№1, 1977/В творческой мастерской

«Ретлендбэконсоутгемптоншекспир» О мифе, антимифе и биографической гипотезе

Интерес к биографическому жанру в художественной литературе возник в нашей критике сравнительно недавно. Впрочем, и самый-то жанр этот определился не особенно давно. Серия научно-популярных биографий «Жизнь замечательных людей» существует только сорок с лишним лет, а библиотека биографических романов «Пламенные революционеры», хотя и насчитывает около сотни довольно-таки толстых томов, выходит совсем недавно.

И вот что мне пришло на память: когда-то, очень-очень давно, был у нас на Литературных курсах вечер Ю. Тынянова, обсуждали, спорили, спрашивали. На чьи-то дотошные вопросы о ремесле и искусстве исторического романиста он ответил, что всех этих писателей можно, грубо говоря, разделить на две категории: одни штудируют по документам канву жизни такого-то и такого-то исторического лица, другие же выискивают прочерки в его биографии и заполняют их чем хотят.

– Так вот, – сказал Тынянов, – я не принадлежу ни к той, ни к другой категории.

– Но ведь документы существуют, и с ними надо считаться, – сказали ему.
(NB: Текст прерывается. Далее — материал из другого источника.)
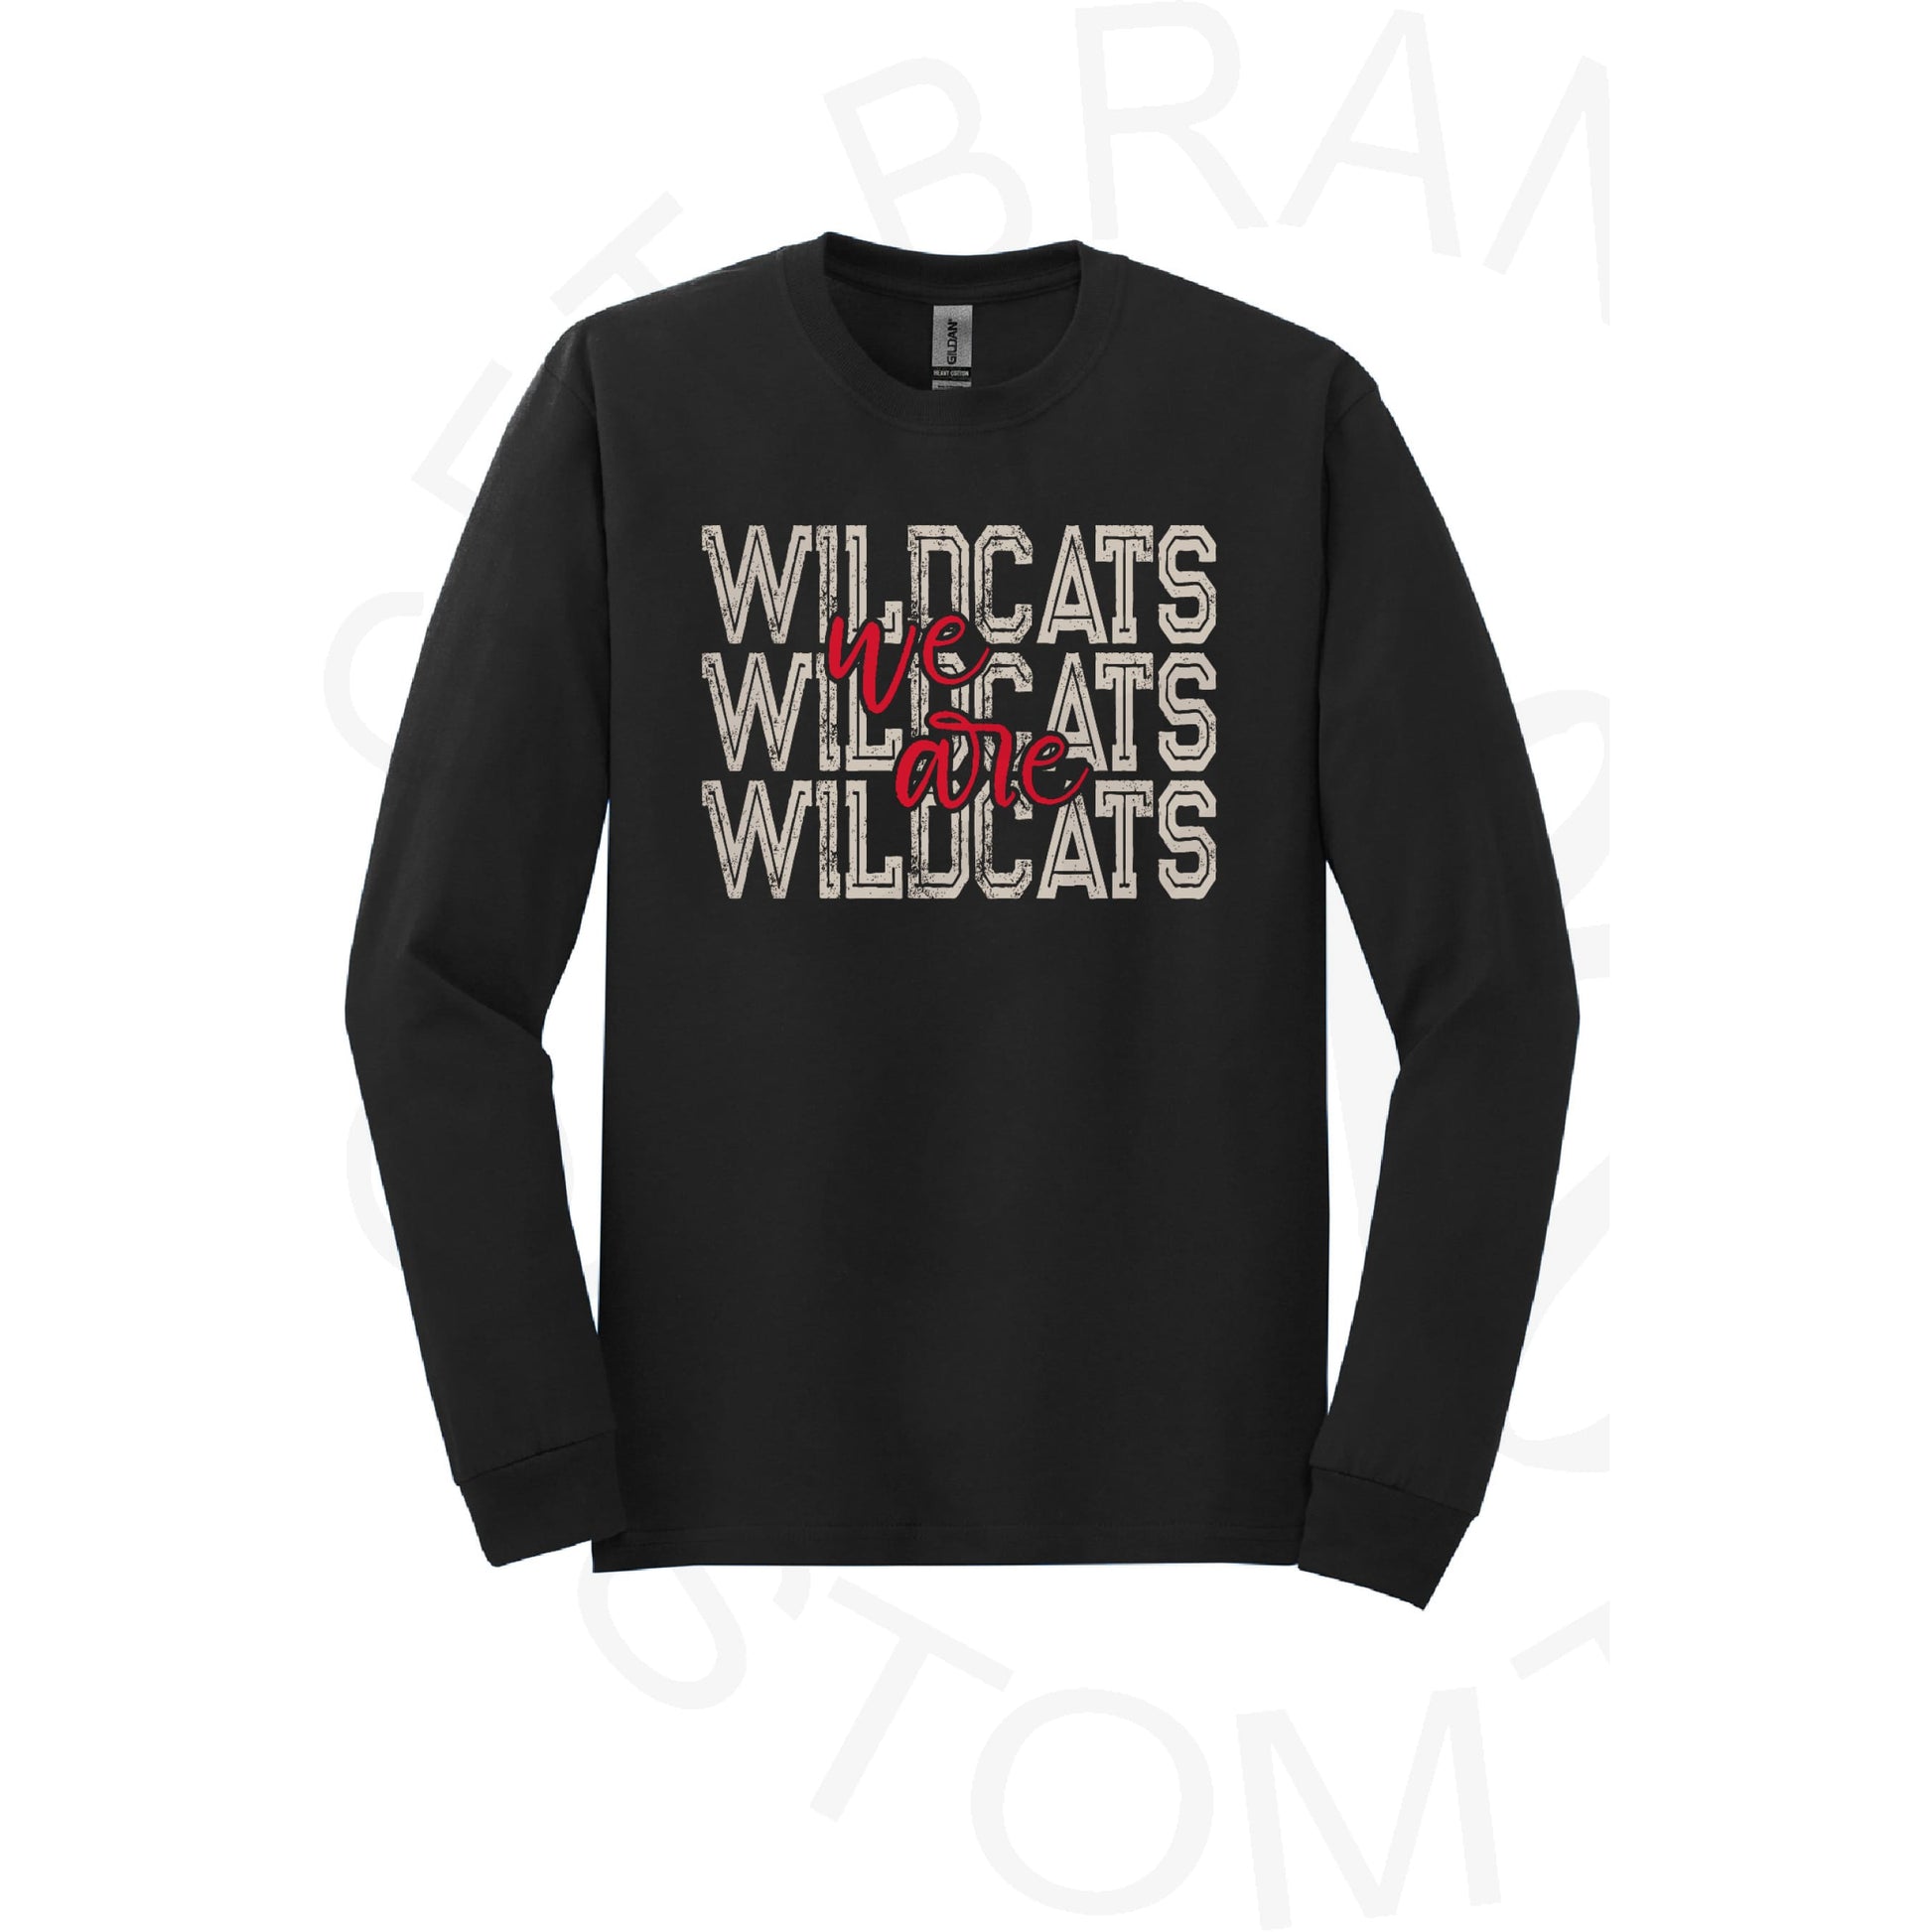 ADULT We Are Wildcats Tees- Black with Silver Metallic Ink

– Документы – дело хитрое, – ответил он, – их тоже надо уметь спрашивать. У каждого документа свой голос.

Разумеется, пересказывая этот разговор через полвека, я могу передать только самую суть высказывания Тынянова. Однако лет десять спустя я набрел в сборнике «Как мы пишем» на такую его мысль:

– Я начинаю там, где кончается документ.

Это было очень важное для меня высказывание; я понял: документ – это то, с чего следует начинать рассказ, но в самое повествование он может и не входить. Подлинное творчество лежит уже за ним. И как актер не в силах играть текст, если ему не ясен подтекст, так и документ ничего не откроет писателю или историку, пока не будет понято, что кроется за его строками и отражением игры каких сил он является. Зато изобразительная сила у правильно прочитанного и истолкованного документа – будь это полицейский рапорт, любовное письмо или портрет – огромная. Его подлинность, синхронность, его форма (ведь это – дошедший до нас осколок времени), четкость, неподкупность и независимость, то есть свобода от всех последующих напластований и истолкований, придают ему ту единственную достоверность, которой настоящий художник пренебречь не вправе. Только надо видеть, что лежит за ним.
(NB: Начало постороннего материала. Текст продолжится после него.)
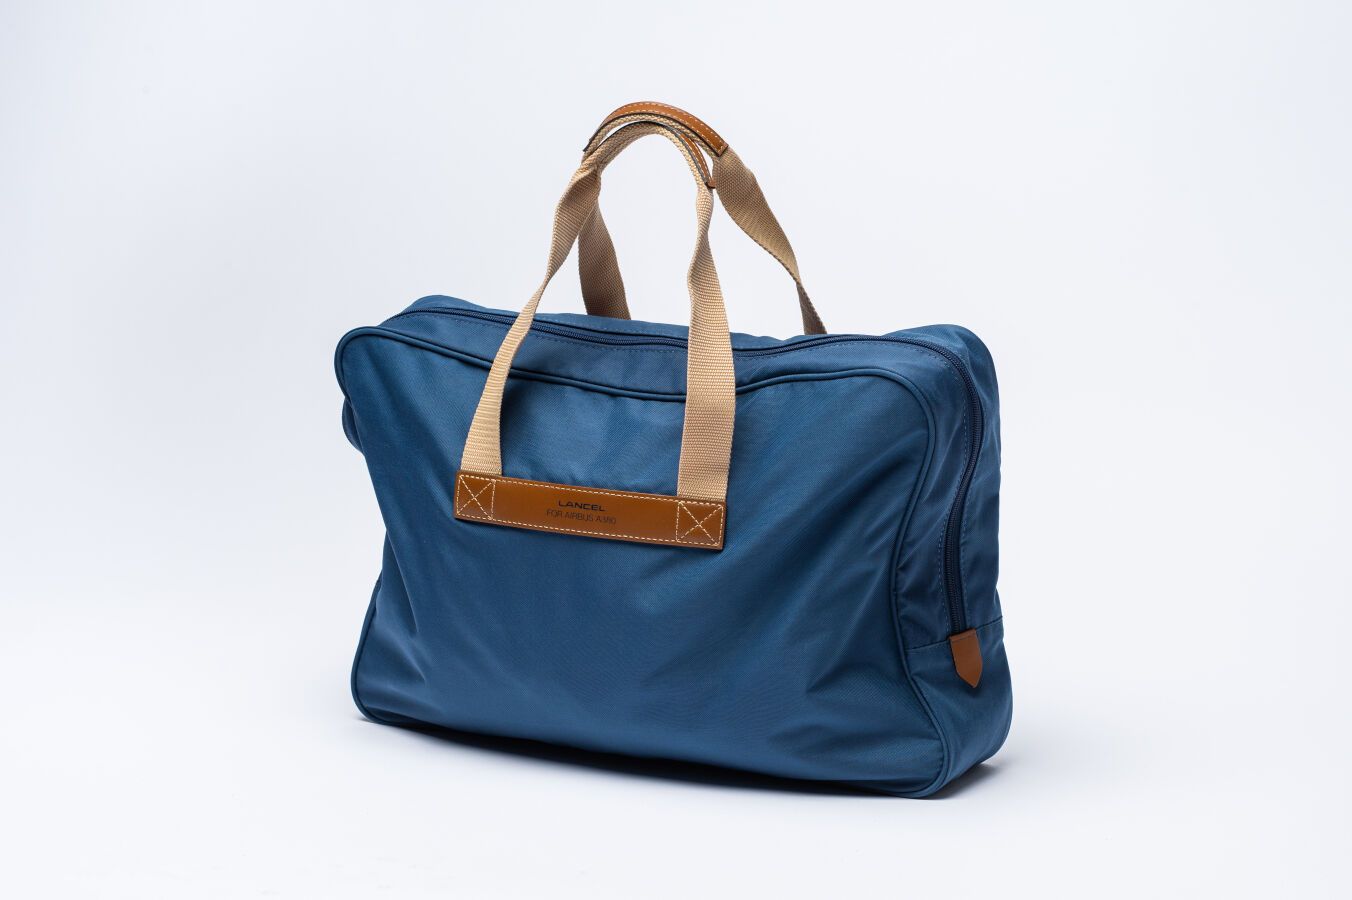 Null A380. Lancel bag. Travel bag created by the leather goods manufacturer Lanc&hellip;

И тут мне вспомнилась совсем другая история.

* * *

В первые послевоенные годы мне довелось в Алма-Ате познакомиться с замечательным ленинградским художником И. Иткиндом. Жил он тогда бедно, нигде не служил, время было напряженное, трудное, и очень мало кто интересовался странными скульптурами старого художника. Я тогда работал в республиканском Театре драмы, и вот мне и худруку театра Я. С. Штейну пришла благая мысль достать Иткинду государственный заказ: пусть он вылепит бюст Шекспира, а иллюстративные материалы для этого добуду я.
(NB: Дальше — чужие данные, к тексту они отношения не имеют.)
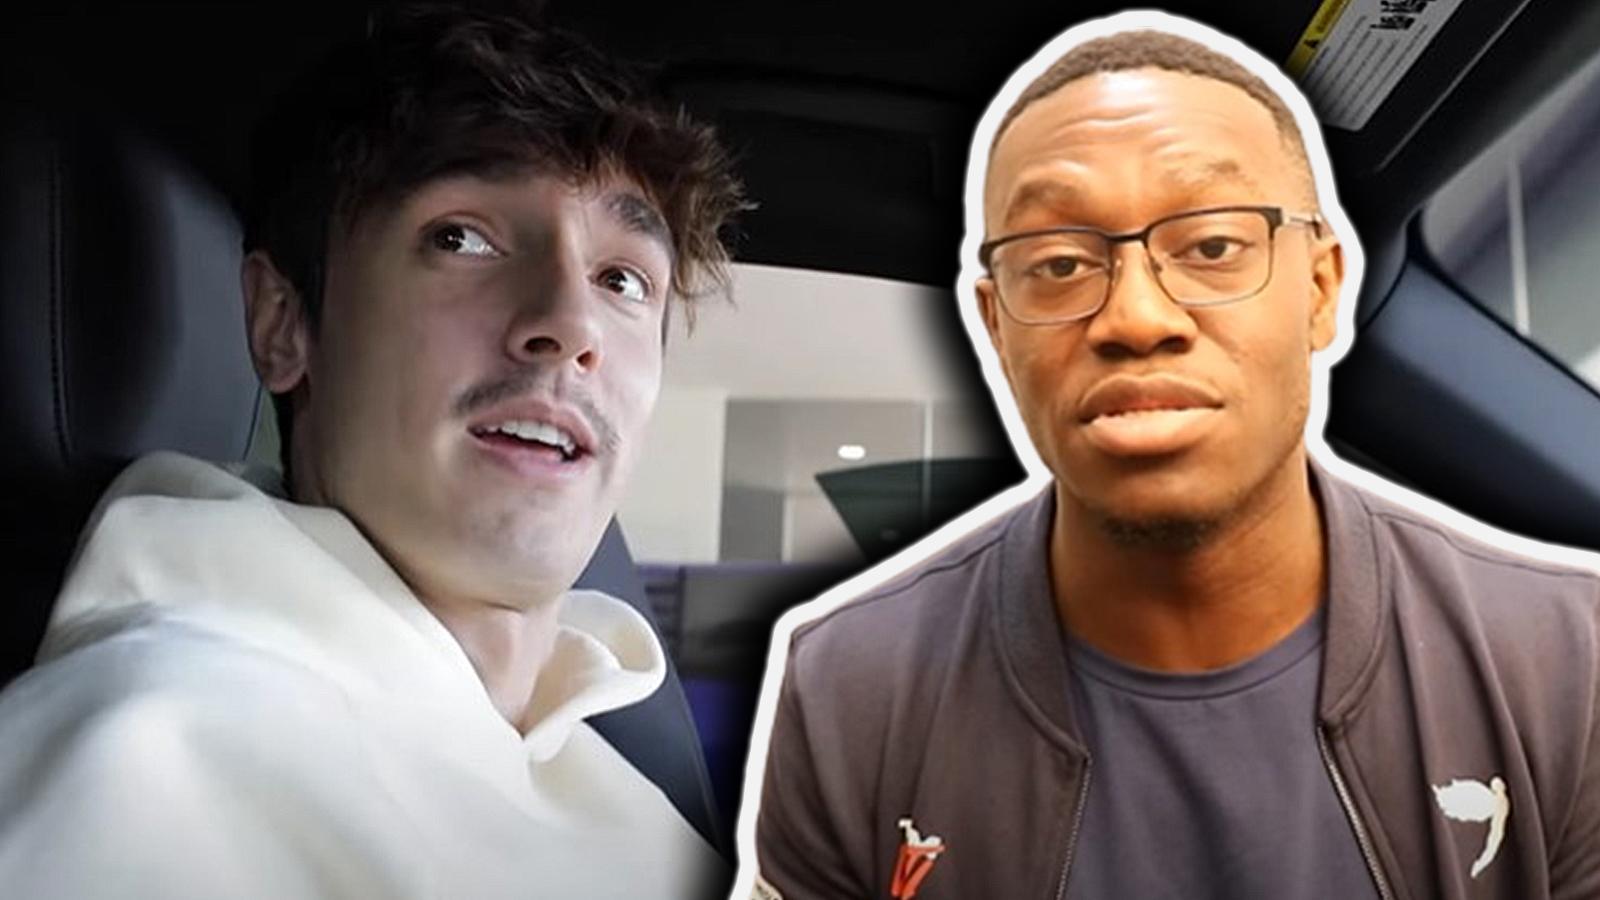 Bryce Hall says Deji is his next influencer boxing opponent

Когда Иткинд пришел ко мне, я разложил их перед ним. Всего набралось столько, что не хватило стола и кровати, и мы переползли на пол. Я показал Иткинду памятники Шекспиру, его бюсты, его предполагаемые портреты, картины из его жизни. Великолепное издание Брокгауза и Ефрона, одно из лучших в мире, дает этот материал в предостаточном количестве. С какой жадностью накинулся Иткинд на все это! Как бережно он брал в руки гравюру, книгу, эстамп; нахмурившись, долго держал в руках снимок с какого-нибудь памятника, смотрел, думал, соображал и тихо откладывал в сторону. И остановился на самом непритязательном и неэффектном – на известном гравированном портрете из так называемого издания «ин фолио» 1623 года.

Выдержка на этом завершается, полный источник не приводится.